Problem to work on:
Please repeat the lines below, exactly and only, from the one that holds "AB-773 2'Part Recycle Bin adlı ürünün logosu" through the one that holds "Esskastanie sweet chestnut 01 Foto Stock".

Information provided:

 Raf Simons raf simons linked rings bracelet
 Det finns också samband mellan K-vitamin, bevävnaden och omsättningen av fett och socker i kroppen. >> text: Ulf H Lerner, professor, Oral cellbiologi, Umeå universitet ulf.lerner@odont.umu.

==

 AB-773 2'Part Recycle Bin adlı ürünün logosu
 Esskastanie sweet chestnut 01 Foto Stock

--

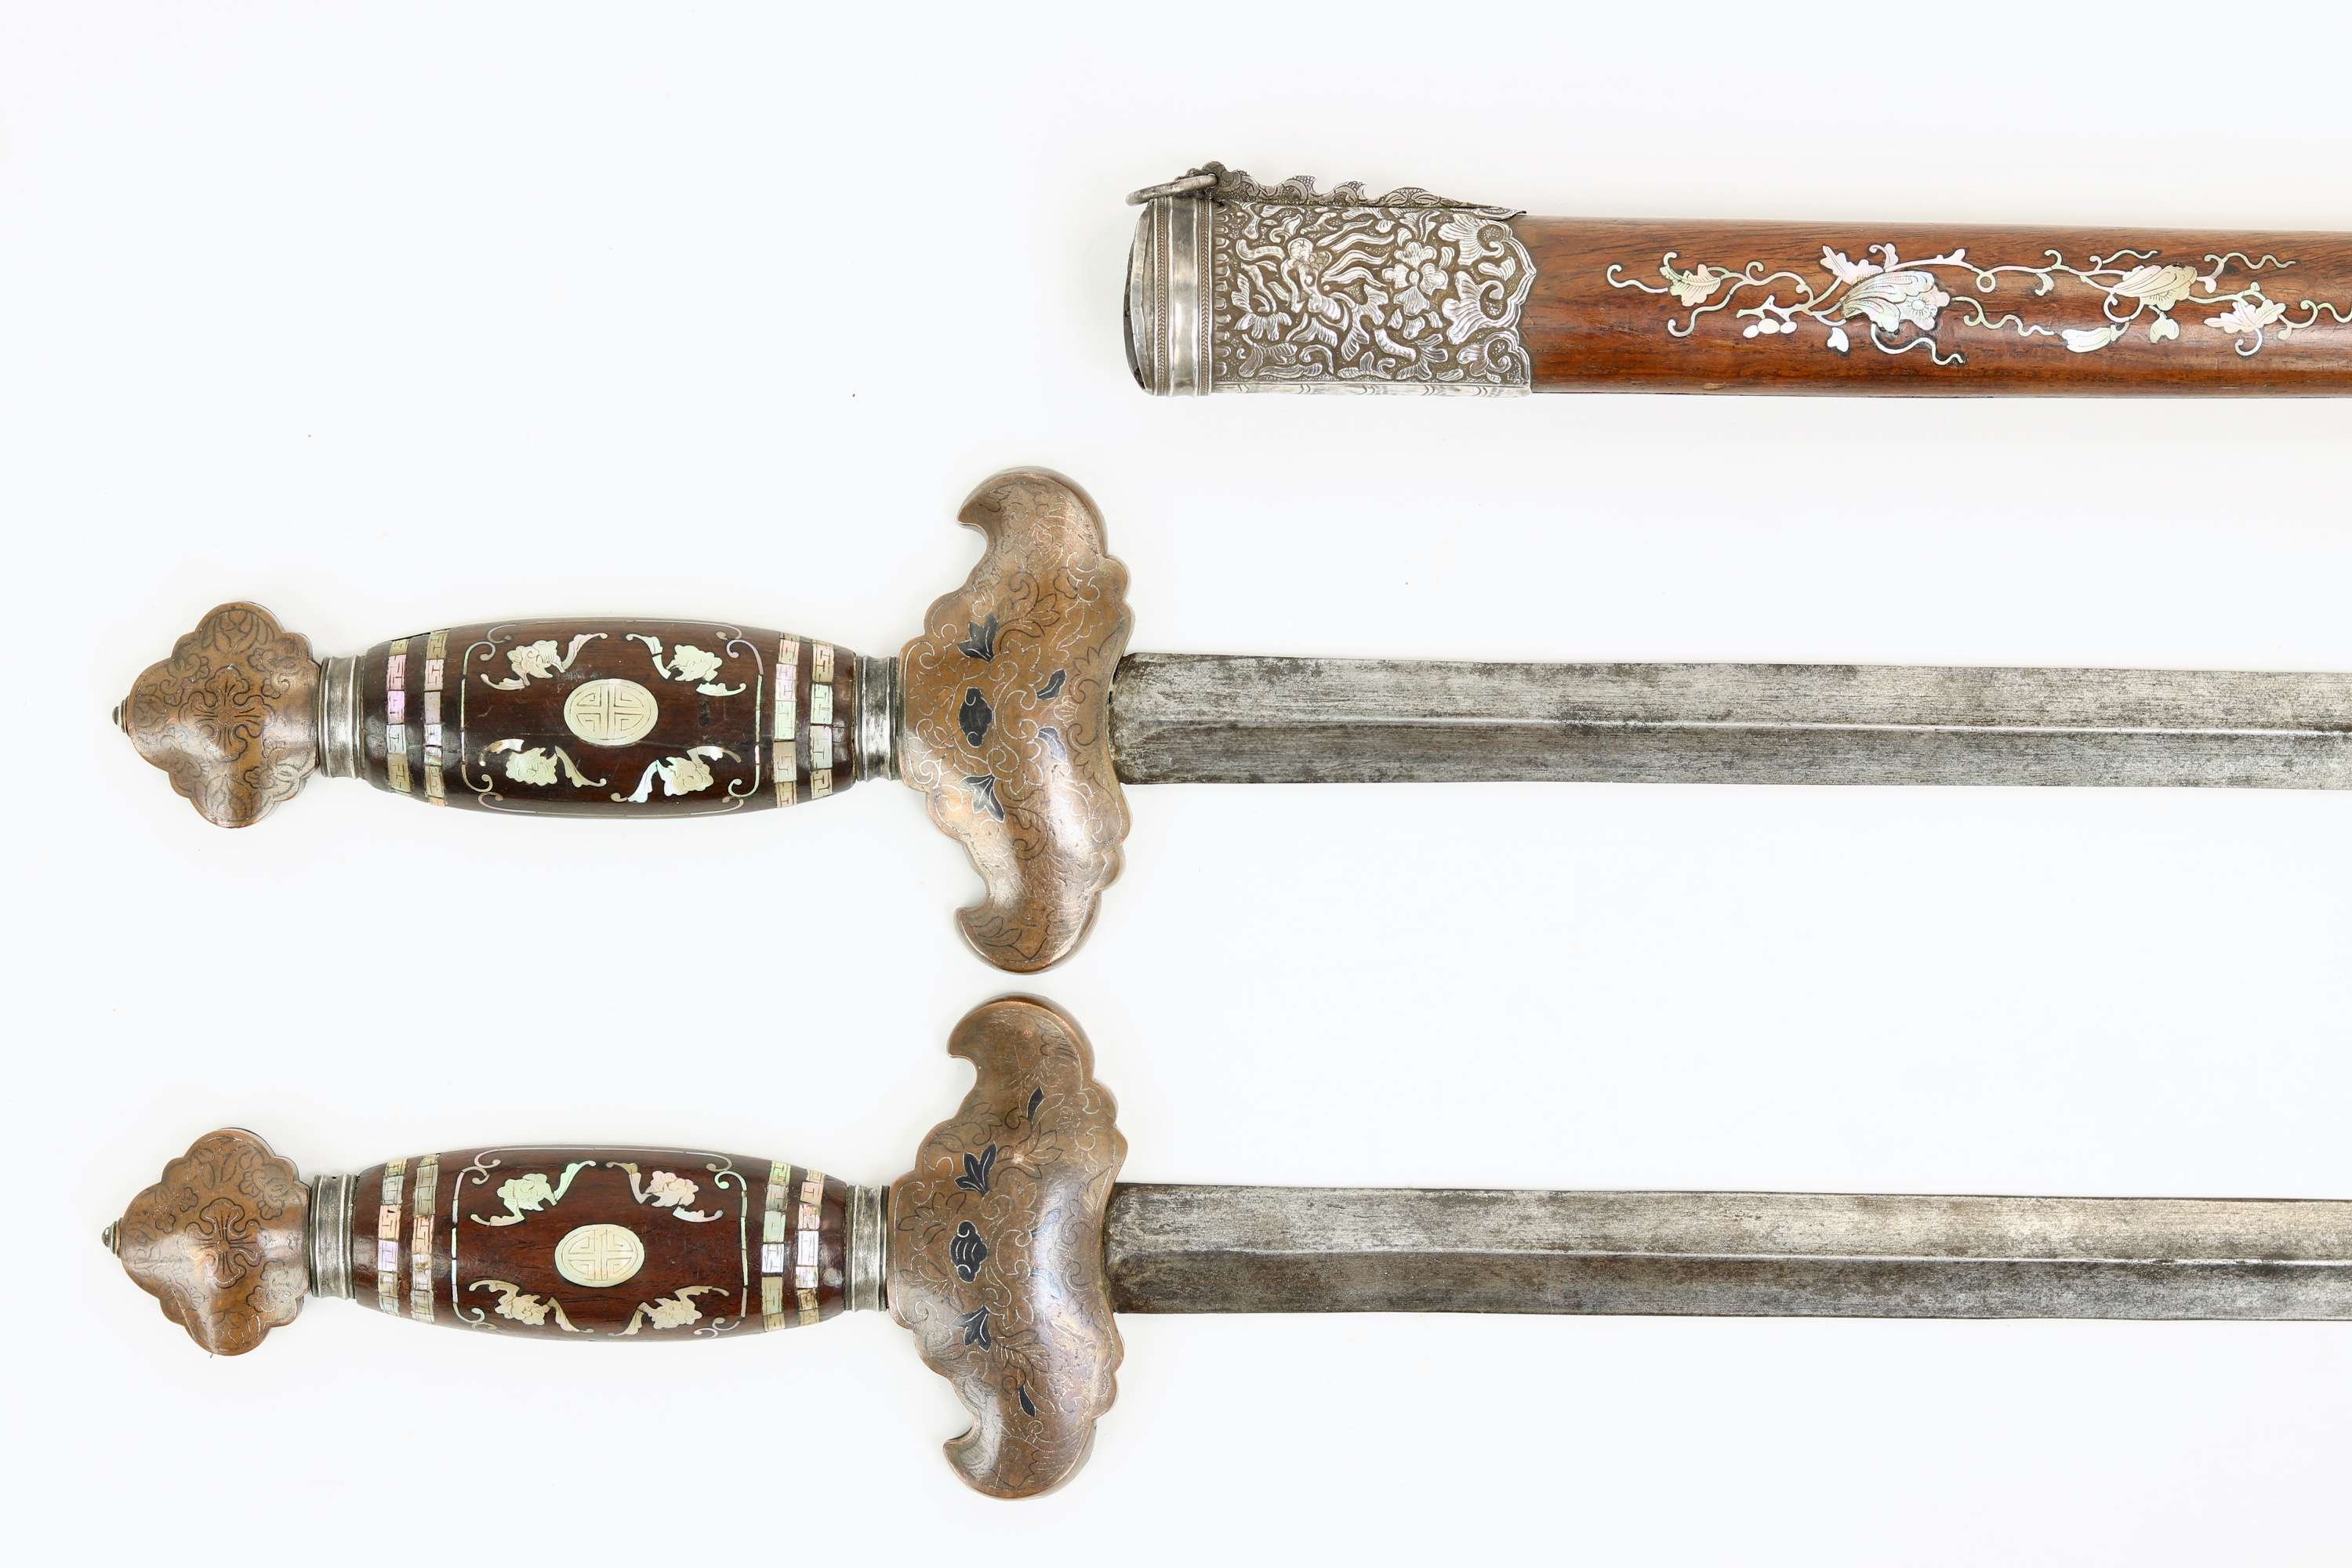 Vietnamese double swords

Finished exercise:
 AB-773 2'Part Recycle Bin adlı ürünün logosu
 Esskastanie sweet chestnut 01 Foto Stock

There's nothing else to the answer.